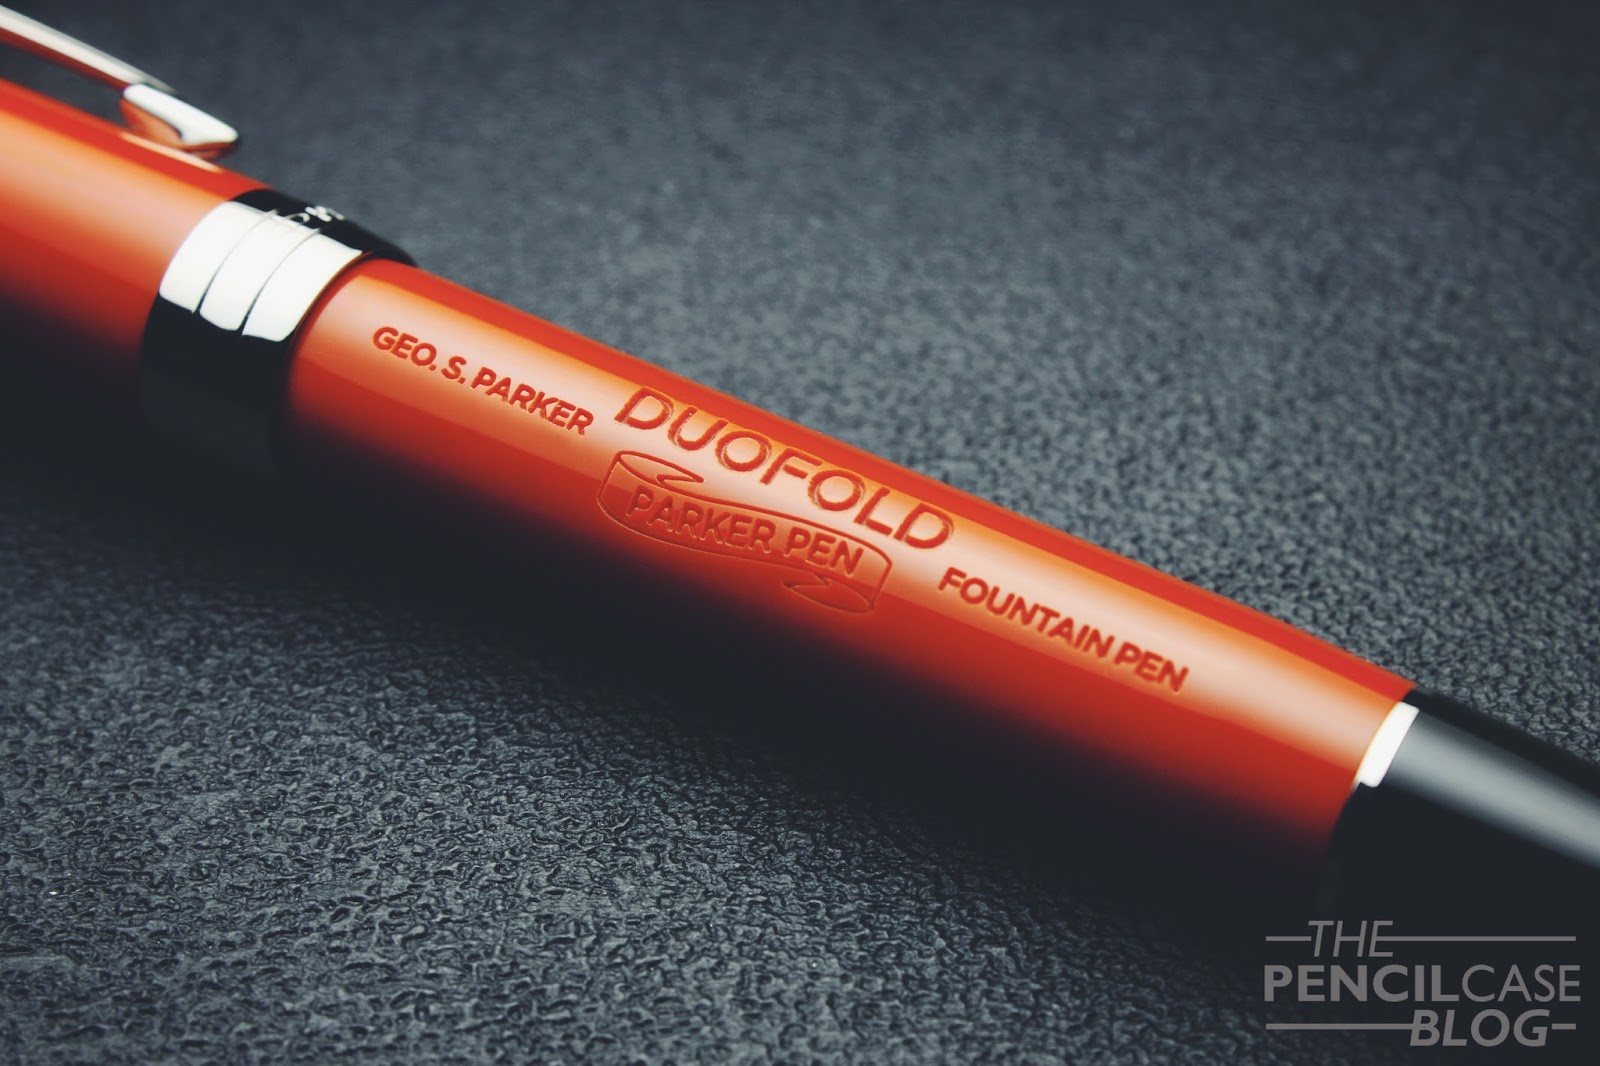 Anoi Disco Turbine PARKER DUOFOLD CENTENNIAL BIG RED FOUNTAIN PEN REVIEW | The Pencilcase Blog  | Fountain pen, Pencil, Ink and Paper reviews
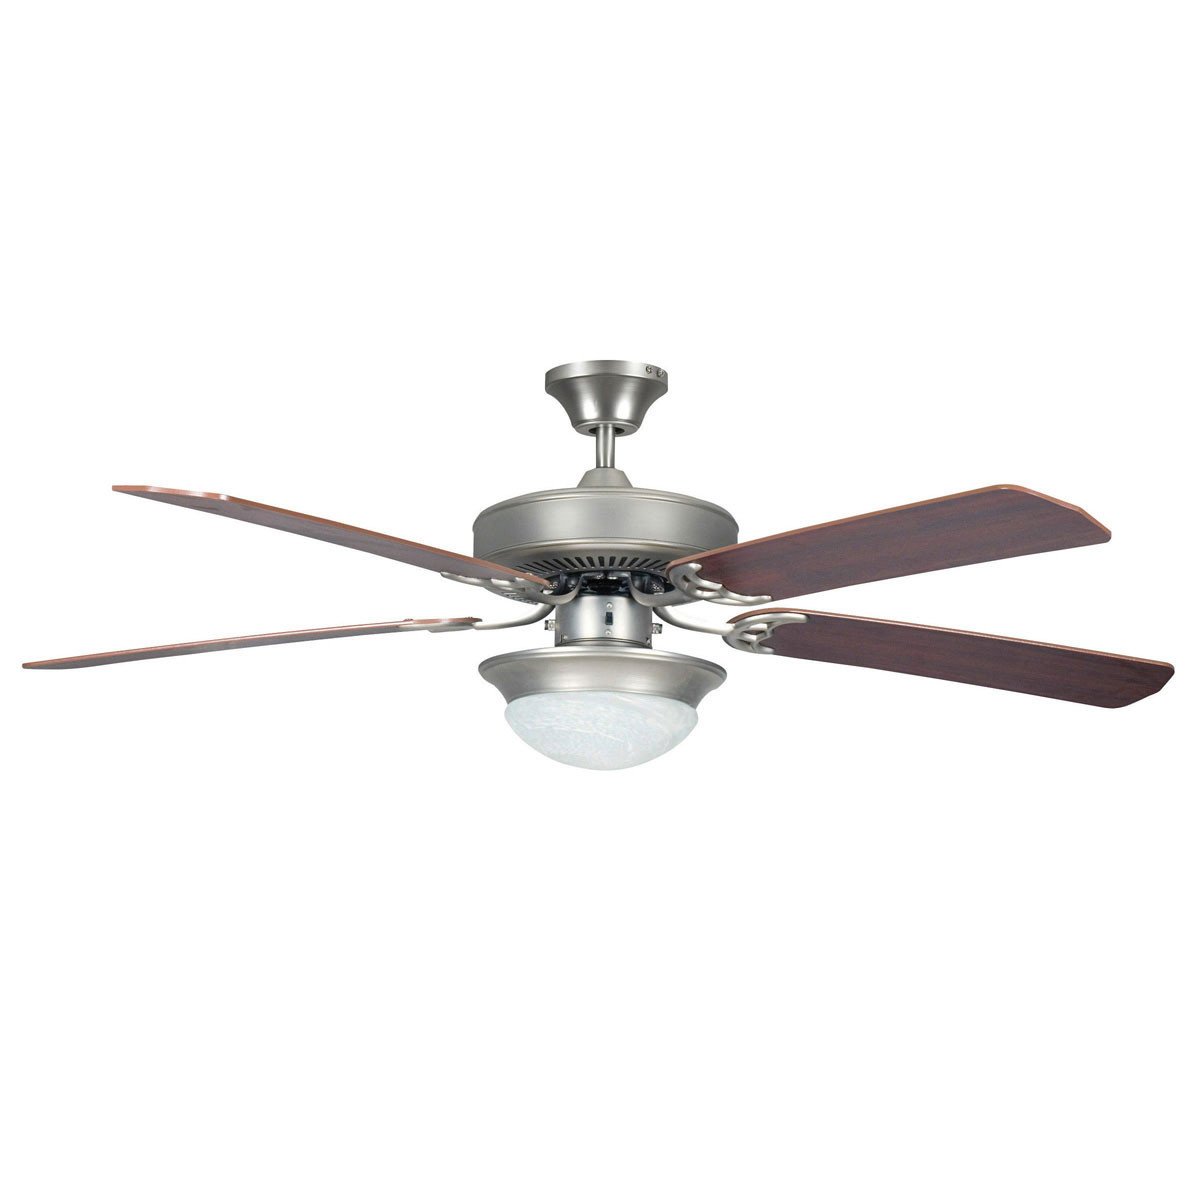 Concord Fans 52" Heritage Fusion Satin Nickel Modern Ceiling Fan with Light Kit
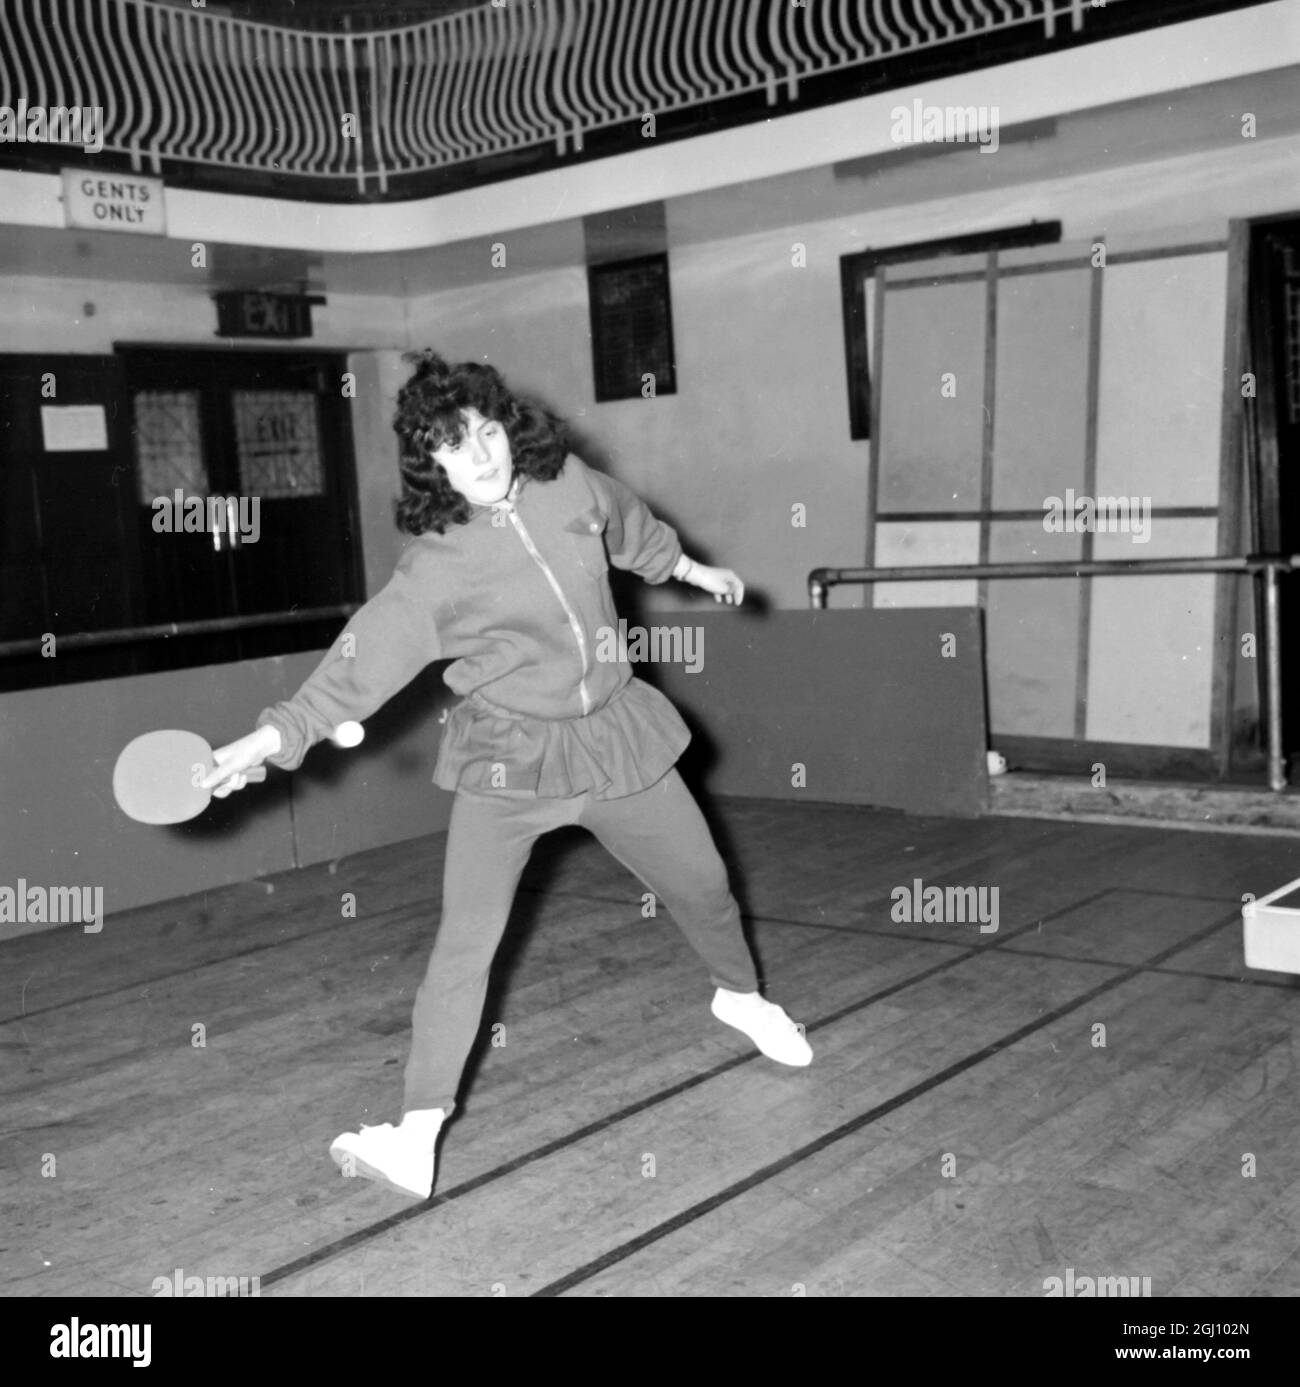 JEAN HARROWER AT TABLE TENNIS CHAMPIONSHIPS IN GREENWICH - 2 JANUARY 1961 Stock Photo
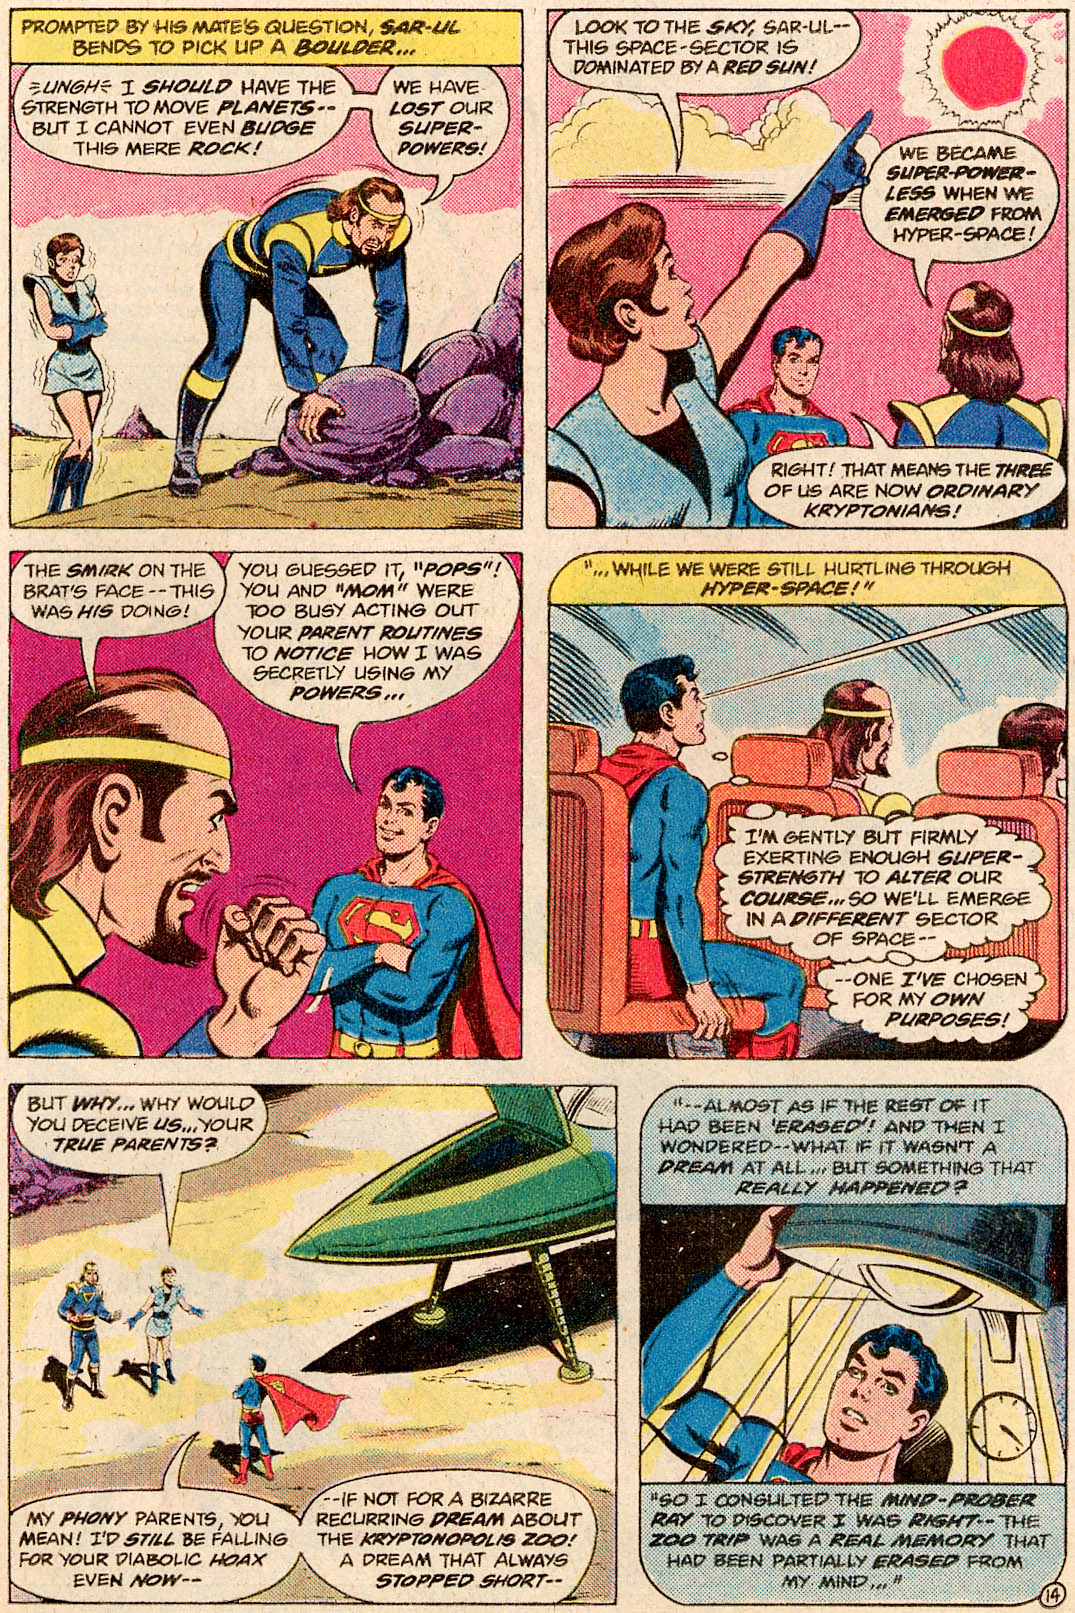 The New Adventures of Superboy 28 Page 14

____

# TASK DIRECTIONS:
Copy each line above exactly. Images do not belong in the copy.

# COMPLETED EXERCISE:
 Anoi Disco Turbine PARKER DUOFOLD CENTENNIAL BIG RED FOUNTAIN PEN REVIEW | The Pencilcase Blog  | Fountain pen, Pencil, Ink and Paper reviews
 Concord Fans 52" Heritage Fusion Satin Nickel Modern Ceiling Fan with Light Kit
 JEAN HARROWER AT TABLE TENNIS CHAMPIONSHIPS IN GREENWICH - 2 JANUARY 1961 Stock Photo
 The New Adventures of Superboy 28 Page 14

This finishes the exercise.